Дружба их была трогательной даже для нас, пацанов, смотревших на всё свысока, с видом поживших и всё познавших мужчин, коих не удивить ничем. Трогательной потому, вероятно, что обе они были отмечены печатями «не от мира сего», «с приветом» и тому подобными клеймами, и, хотя каждой из них было на роду написано быть одинокой, – они нашли друг друга, они отреклись от предначертанного одиночества. И в глазах у них светилась неподдельная, живая человеческая радость. Во взгляде Марии мы едва ли когда-нибудь прежде видели подобный свет счастья.
Недолго оно продлилось, это счастье. В начале марта как удар грома нас поразило известие: Майра умерла. Сердце.
День похорон был холодный, серый, напоминавший позднюю осень. Впервые я видел человека, лежащего в гробу. Лицо Майры было жёлтым, как и при жизни. Одноклассники мои и учителя стояли вокруг растерянные, переминались с ноги на ногу, не зная, что сказать, что сделать, как справиться с этим нежданным тяжёлым впечатлением. Тишину  разрушали только рыдания Маши. Она старалась держаться, но слёзы, как видно, душили её и требовали выхода. Фая Григорьевна, стоявшая рядом, что-то говорила, гладила девочке плечо, чтобы хоть как-то успокоить Машу. Да только как успокоишь?
Ну а я, помнится,  глубоко сочувствовал Маше, больше того – испытал к ней искреннее уважение: в тот день она ещё больше повзрослела, а значит, продвинулась от той точки, где был я, далеко-далеко вперёд.
Но вскоре Маша опять ушла в себя. С той весны стала настолько тихой, что мы попросту перестали замечать нашу «дылду», несмотря на её рост, соответствующий прозвищу. А шутки-прибаутки по её адресу уже не казались чем-то свежим, остреньким и смешным.
И Маша исчезла.
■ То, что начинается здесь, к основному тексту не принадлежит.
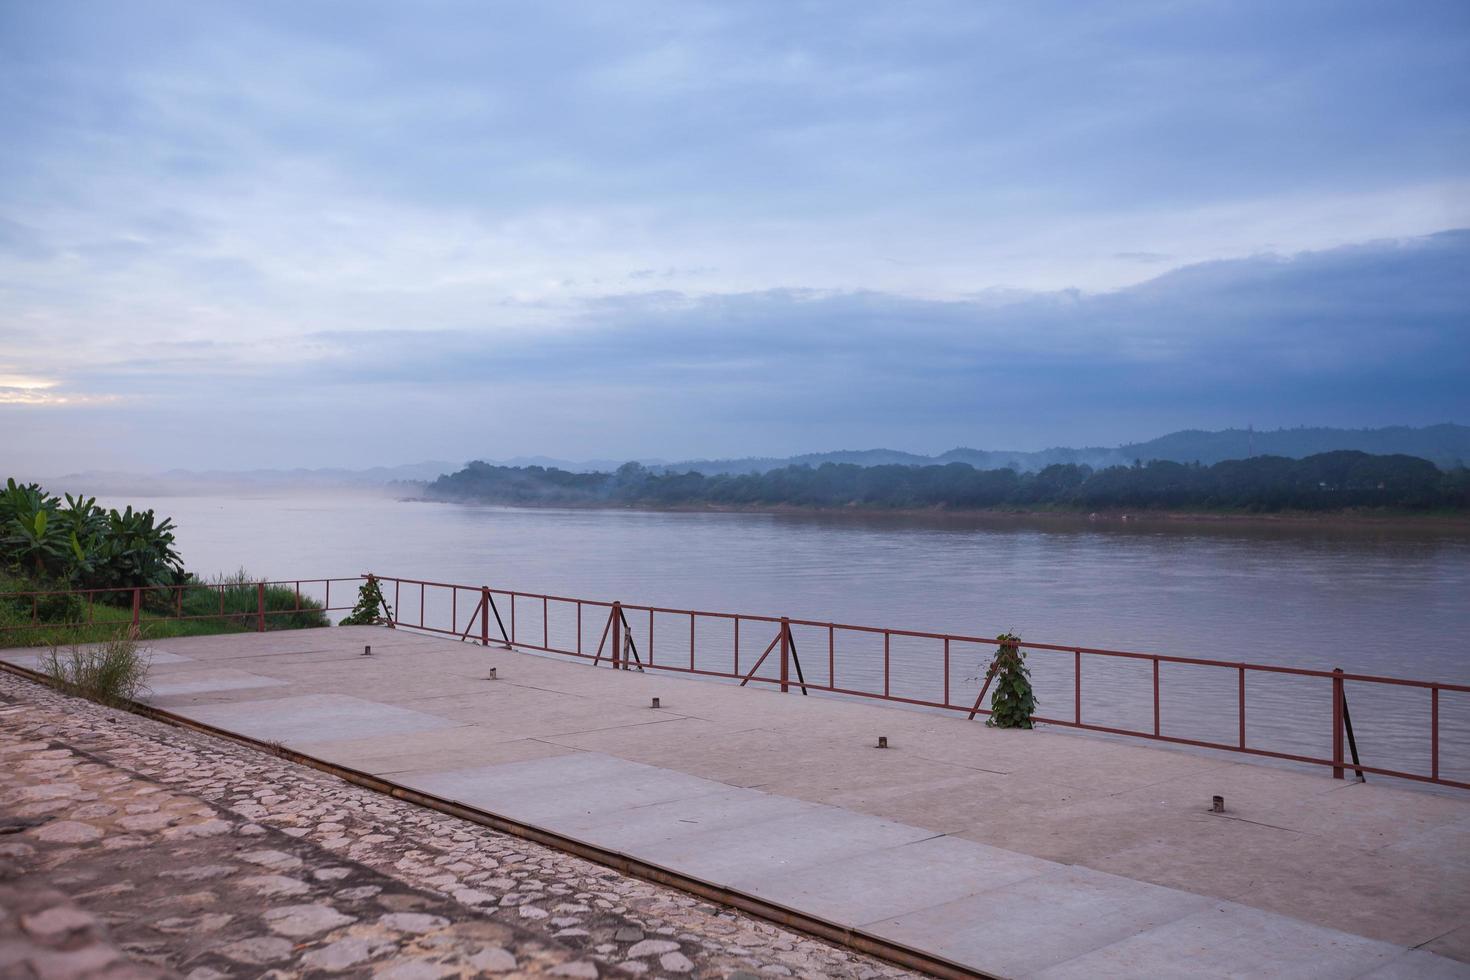 río mekong al atardecer foto
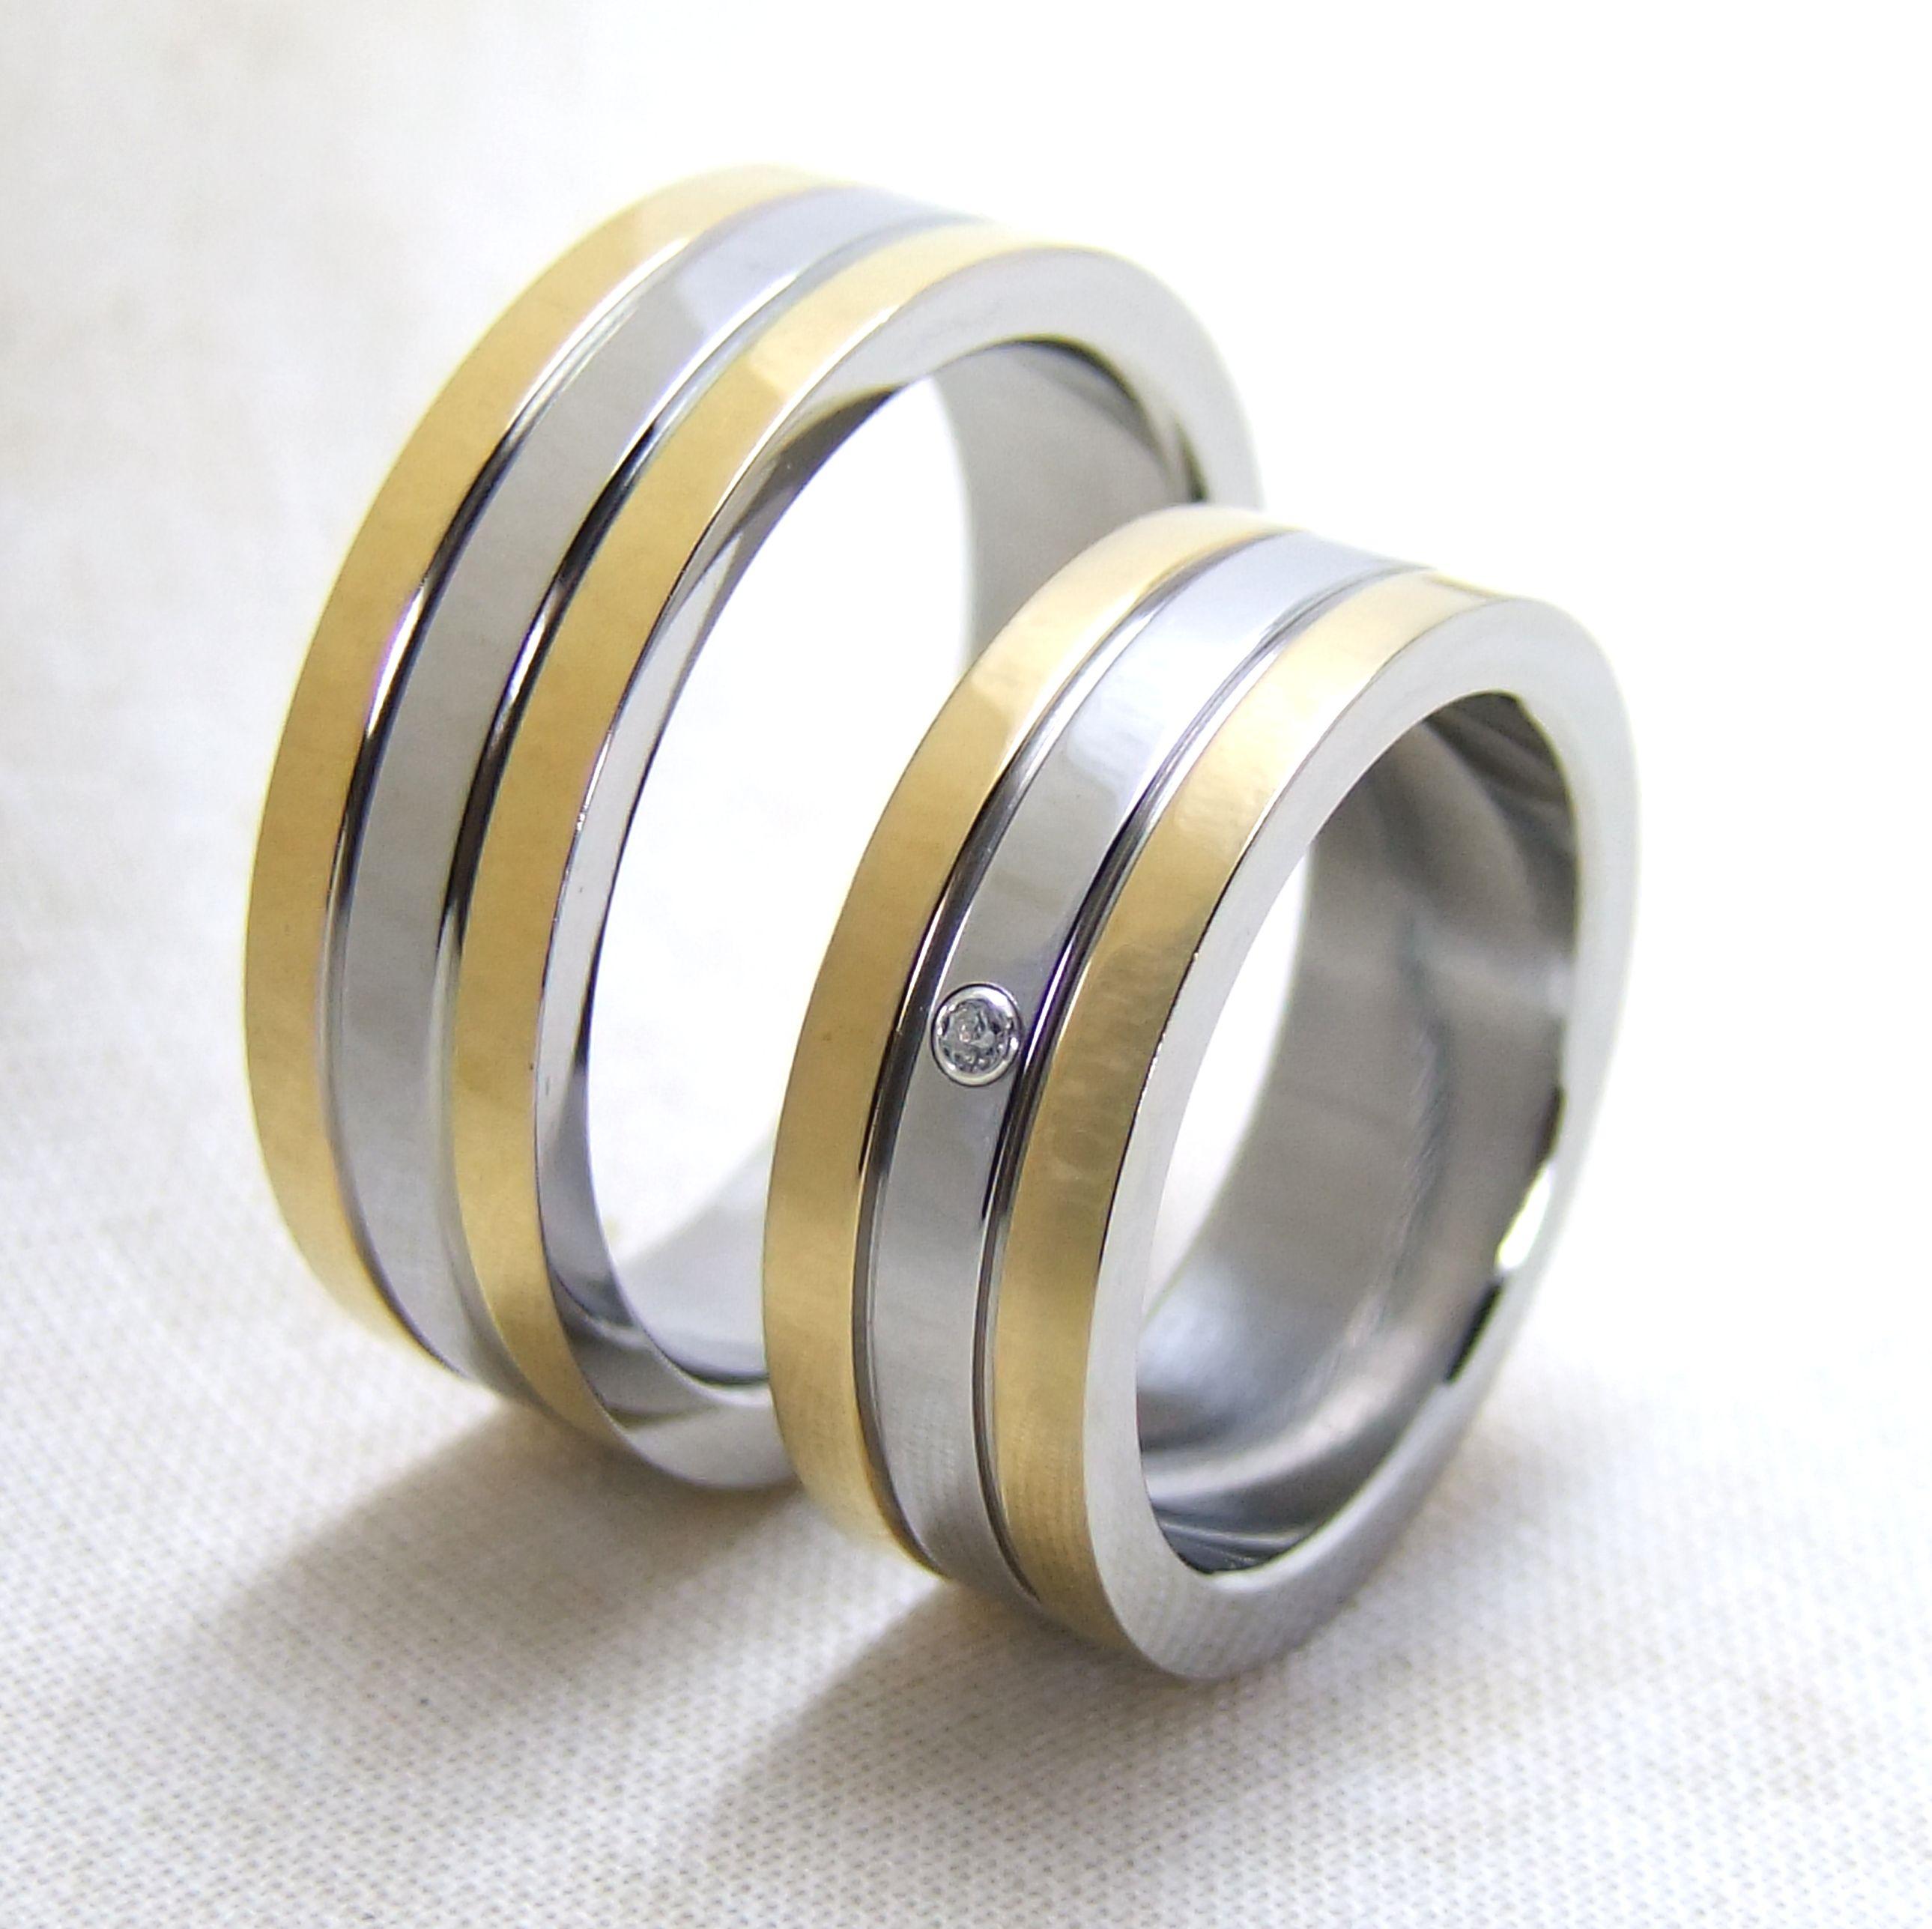 ... Verlobungsring e Trauringe Hochzeitsringe Partnerringe 7 mm & Gravur

Я не помню, когда это произошло. Но вот гляжу на фотографию нашего выпускного класса, и вижу, что Маши с нами там нет. Значит, она покинула школу, не окончив её. Что же произошло? Перешла в другую школу? Уехала в другой город? Другую страну? И что стало с ней после, спустя годы, десятилетия, когда миновал уж век, а с ним и миллениум? Кого бы я ни спросил, никто не мог сказать о ней ничего, да, собственно, и не жаждал о ней вспоминать. Не обнаружил я Маши и в нетях Всемирной Паутины, в которой есть мы все.
Но я хорошо помнил её фамилию, и именно по фамилии искал её в интернете. И вскоре разузнал вот что.
Жил на чёрно-белом свете великий писатель Баянов, запрещённый в годы моего детства,  а в нашу новейшую эру всячески рекламируемый: он создал, если кто помнит, романы «Череп первого человека», «Часовой у забытого клада» и «Мои неверситеты». В этих сочинениях он живописал свою эпоху со всей ненавистью, на какую был способен. Тем, понятное дело, и прославился. А Маша – я увидел это по фотографиям внезапно, с раскрывшимися от изумления глазами – точная копия своего отца, которого не знала совсем. Ну конечно же! Судя по всему, Великий породил её походя (я имею в виду не эпоху, а дочь… хотя…). И поспешно скрылся из нашего города в город более знаменитый,  более шумный, а значит, более отвечающий писательскому величию.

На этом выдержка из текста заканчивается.